MR. GREGORY: Do you think more troops are needed at this point?

GEN. McCAFFREY: I’m not sure it’s the right question. First of all, they’re not available. The National Guard brigades—you know, we just had Lieutenant General Blum testifying, we had the chief staff of the Army testifying. The Army is $23 billion short, our equipment’s coming apart, we’re drafting 42-year-old grandmothers to be privates in the Army. I shouldn’t have said draft, asking for volunteers. So I don’t think the combat power is there in the Army and the Marine Corps to solve this problem militarily. We are a safety valve, we’re a peacekeeping mechanism, but the Iraqi security forces are going to have to pull this one together.
Michael Gordon of the New York Times wrote the following in that daily's magazine:
For all this, Anbar has long been what the military calls an “economy of force” operation, which is a polite way of saying that troop requirements elsewhere in Iraq have led American commanders to employ fewer forces in the province than the situation warrants. As a consequence, counterinsurgency operations have taken on the quality of a whack-a-mole arcade game. Every time the Americans have massed force to put out one fire, they have created a vacuum elsewhere that the insurgents have rushed to fill. When the Marines gathered forces to clear Falluja in 2004, they drew troops from the Haditha area, where the insurgents promptly moved in and executed the defenseless local police near the town’s soccer field. The Marines returned in strength to Haditha and established several forward bases, including the one at Barwana, but then many of the troops were sent to the far west when commanders decided to clear Al Qaim, near the Syrian border.

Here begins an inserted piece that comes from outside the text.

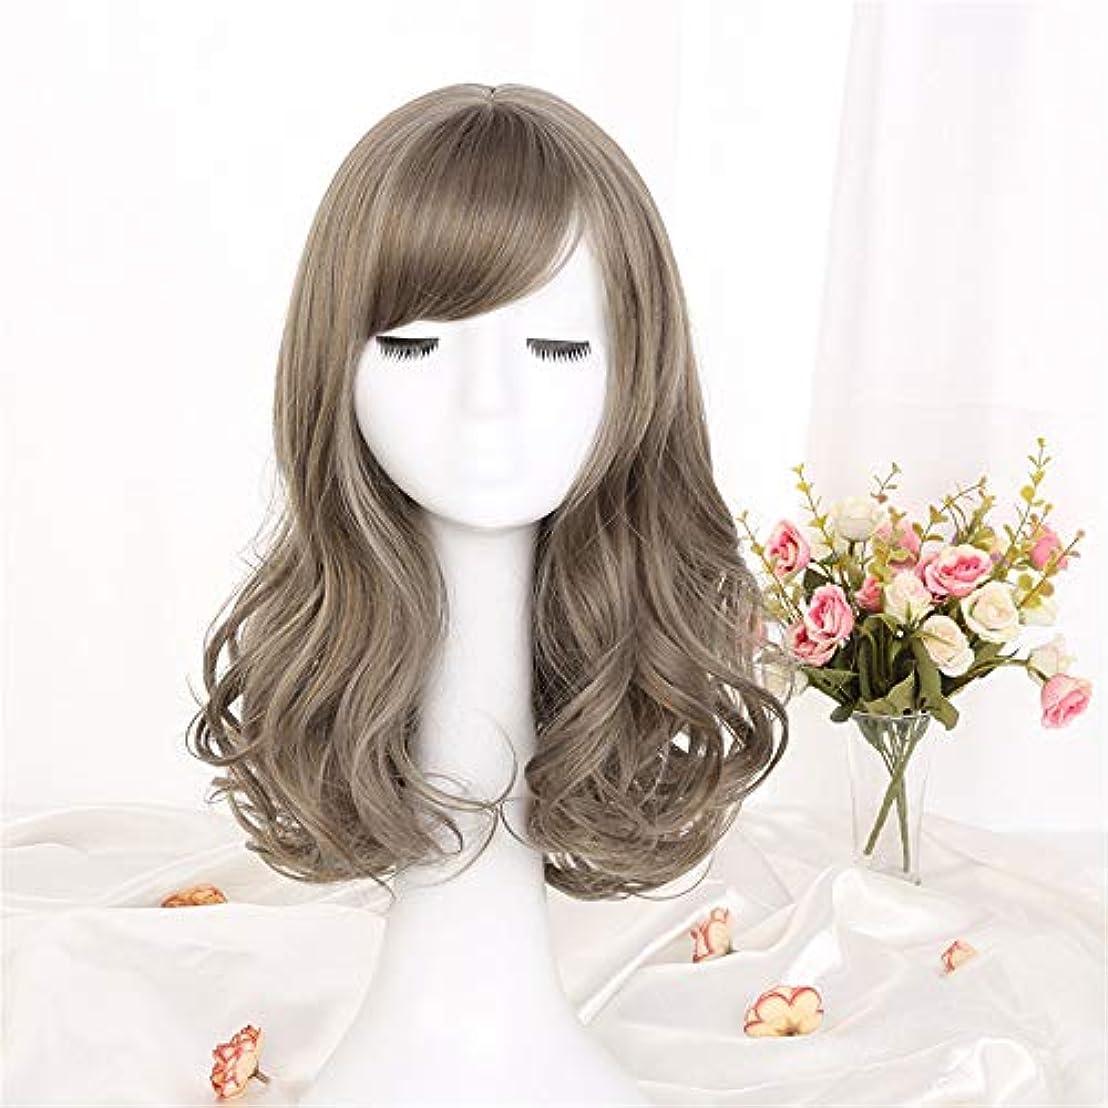 常習者困惑可愛いウィッグ髪化学繊維フードミディアム長波高温合成繊維ウィッグ女性用ウィッググリーンウッドリネンアッシュ42cm

And the insurgents filtered back to Haditha.
Daniel Byman and Kenneth Pollack wrote in the Washington Post that Iraq is in a civil war and the United States must attempt to prevent a terrible catastrophe for the world (my emphasis):
That point is critical: Ending an all-out civil war typically requires overwhelming military power to nail down a political settlement. It took 30,000 British troops to bring the Irish civil war to an end, 45,000 Syrian troops to conclude the Lebanese civil war, 50,000 NATO troops to stop the Bosnian civil war, and 60,000 to do the job in Kosovo. Considering Iraq's much larger population, it probably would require 450,000 troops to quash an all-out civil war there. Such an effort would require a commitment of enormous military and economic resources, far in excess of what the United States has already put forth.
"Stay the course" will not work. Ken Mehlman's "adapting to win" is disdainful politicking to save 2006 for the GOP (perhaps at the expense of their national security credentials). 450,000 troops in Iraq? That's a draft. That's what George W. Bush has in front of him -- though he probably does not realize it. It's raised taxes and raised conscripts or it's terrible and prolonged bloodshed throughout a volatile and influential region.